▶ [Exercise objective]: Lines to restate from the data below: from the one containing "NEILAN POLO WHITE | Monastery Couture" to the one containing "ماكينة صنع قهوة", both included. Give them again exactly, and only them.

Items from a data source
◇ ◇ ◇ ◇ ◇

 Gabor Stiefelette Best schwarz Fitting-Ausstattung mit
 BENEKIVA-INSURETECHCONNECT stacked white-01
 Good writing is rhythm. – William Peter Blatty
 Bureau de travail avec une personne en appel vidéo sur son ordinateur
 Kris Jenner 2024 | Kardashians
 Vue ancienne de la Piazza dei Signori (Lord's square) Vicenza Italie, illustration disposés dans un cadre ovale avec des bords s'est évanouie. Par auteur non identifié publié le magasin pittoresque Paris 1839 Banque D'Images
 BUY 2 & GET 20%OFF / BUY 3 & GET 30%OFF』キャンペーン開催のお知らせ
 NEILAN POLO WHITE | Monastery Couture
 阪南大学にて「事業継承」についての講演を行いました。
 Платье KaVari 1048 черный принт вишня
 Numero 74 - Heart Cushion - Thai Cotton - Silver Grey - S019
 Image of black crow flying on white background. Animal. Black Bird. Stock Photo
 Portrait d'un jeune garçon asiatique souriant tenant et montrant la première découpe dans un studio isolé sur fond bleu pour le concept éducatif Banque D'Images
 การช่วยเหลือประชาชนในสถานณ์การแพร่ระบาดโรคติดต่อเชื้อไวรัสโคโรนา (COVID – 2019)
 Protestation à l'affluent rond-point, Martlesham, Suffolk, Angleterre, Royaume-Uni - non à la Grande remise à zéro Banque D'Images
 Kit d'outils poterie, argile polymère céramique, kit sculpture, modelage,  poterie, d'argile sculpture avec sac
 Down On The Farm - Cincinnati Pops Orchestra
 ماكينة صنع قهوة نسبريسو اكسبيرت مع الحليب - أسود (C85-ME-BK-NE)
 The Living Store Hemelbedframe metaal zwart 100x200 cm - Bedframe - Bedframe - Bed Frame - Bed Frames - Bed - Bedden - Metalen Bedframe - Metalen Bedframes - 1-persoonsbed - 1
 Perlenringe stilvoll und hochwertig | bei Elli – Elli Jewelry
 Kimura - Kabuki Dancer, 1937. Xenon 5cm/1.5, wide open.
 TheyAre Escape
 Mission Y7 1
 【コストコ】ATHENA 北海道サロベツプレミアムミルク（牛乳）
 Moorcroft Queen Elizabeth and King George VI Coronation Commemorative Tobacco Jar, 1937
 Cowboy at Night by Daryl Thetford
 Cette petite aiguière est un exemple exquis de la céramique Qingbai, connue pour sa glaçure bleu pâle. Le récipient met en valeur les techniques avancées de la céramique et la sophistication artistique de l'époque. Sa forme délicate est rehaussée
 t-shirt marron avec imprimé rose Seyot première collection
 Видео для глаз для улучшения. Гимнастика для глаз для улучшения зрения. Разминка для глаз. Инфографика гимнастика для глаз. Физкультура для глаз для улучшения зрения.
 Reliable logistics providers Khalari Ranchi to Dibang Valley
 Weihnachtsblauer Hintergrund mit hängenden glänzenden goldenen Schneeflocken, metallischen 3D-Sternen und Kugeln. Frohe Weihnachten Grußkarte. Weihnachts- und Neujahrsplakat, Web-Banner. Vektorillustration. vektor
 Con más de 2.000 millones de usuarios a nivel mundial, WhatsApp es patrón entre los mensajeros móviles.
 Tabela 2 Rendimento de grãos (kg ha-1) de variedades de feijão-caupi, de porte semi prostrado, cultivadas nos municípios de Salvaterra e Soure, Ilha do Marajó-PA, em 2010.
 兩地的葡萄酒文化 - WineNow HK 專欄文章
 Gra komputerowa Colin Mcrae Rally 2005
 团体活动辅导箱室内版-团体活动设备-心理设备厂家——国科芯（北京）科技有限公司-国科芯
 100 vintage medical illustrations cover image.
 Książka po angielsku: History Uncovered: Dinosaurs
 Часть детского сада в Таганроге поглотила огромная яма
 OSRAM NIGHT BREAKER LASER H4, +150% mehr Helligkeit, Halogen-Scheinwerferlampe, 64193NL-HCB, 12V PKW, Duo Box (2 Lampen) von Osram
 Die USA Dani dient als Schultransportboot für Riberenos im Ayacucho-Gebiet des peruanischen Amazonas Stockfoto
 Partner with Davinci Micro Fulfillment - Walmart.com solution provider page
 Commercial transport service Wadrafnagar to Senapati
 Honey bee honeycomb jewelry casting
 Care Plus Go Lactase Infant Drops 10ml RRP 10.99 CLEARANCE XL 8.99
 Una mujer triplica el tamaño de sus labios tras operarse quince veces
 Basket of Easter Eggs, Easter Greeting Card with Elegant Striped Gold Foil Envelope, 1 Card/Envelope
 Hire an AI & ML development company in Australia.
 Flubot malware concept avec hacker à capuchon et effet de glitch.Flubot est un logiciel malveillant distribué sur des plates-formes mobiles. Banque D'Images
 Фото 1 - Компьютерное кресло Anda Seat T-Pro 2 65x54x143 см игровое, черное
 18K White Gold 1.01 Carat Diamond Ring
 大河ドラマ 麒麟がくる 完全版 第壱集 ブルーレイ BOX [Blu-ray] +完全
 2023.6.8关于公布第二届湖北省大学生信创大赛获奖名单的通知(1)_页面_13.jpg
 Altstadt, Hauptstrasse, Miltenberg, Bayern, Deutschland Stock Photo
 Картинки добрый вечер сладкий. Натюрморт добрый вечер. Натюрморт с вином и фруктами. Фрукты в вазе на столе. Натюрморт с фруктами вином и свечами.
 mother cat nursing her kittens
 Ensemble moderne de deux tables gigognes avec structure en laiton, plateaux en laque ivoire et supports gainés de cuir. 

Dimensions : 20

◇ ◇ ◇ ◇ ◇

▶ [Solution for this problem]:
 NEILAN POLO WHITE | Monastery Couture
 阪南大学にて「事業継承」についての講演を行いました。
 Платье KaVari 1048 черный принт вишня
 Numero 74 - Heart Cushion - Thai Cotton - Silver Grey - S019
 Image of black crow flying on white background. Animal. Black Bird. Stock Photo
 Portrait d'un jeune garçon asiatique souriant tenant et montrant la première découpe dans un studio isolé sur fond bleu pour le concept éducatif Banque D'Images
 การช่วยเหลือประชาชนในสถานณ์การแพร่ระบาดโรคติดต่อเชื้อไวรัสโคโรนา (COVID – 2019)
 Protestation à l'affluent rond-point, Martlesham, Suffolk, Angleterre, Royaume-Uni - non à la Grande remise à zéro Banque D'Images
 Kit d'outils poterie, argile polymère céramique, kit sculpture, modelage,  poterie, d'argile sculpture avec sac
 Down On The Farm - Cincinnati Pops Orchestra
 ماكينة صنع قهوة نسبريسو اكسبيرت مع الحليب - أسود (C85-ME-BK-NE)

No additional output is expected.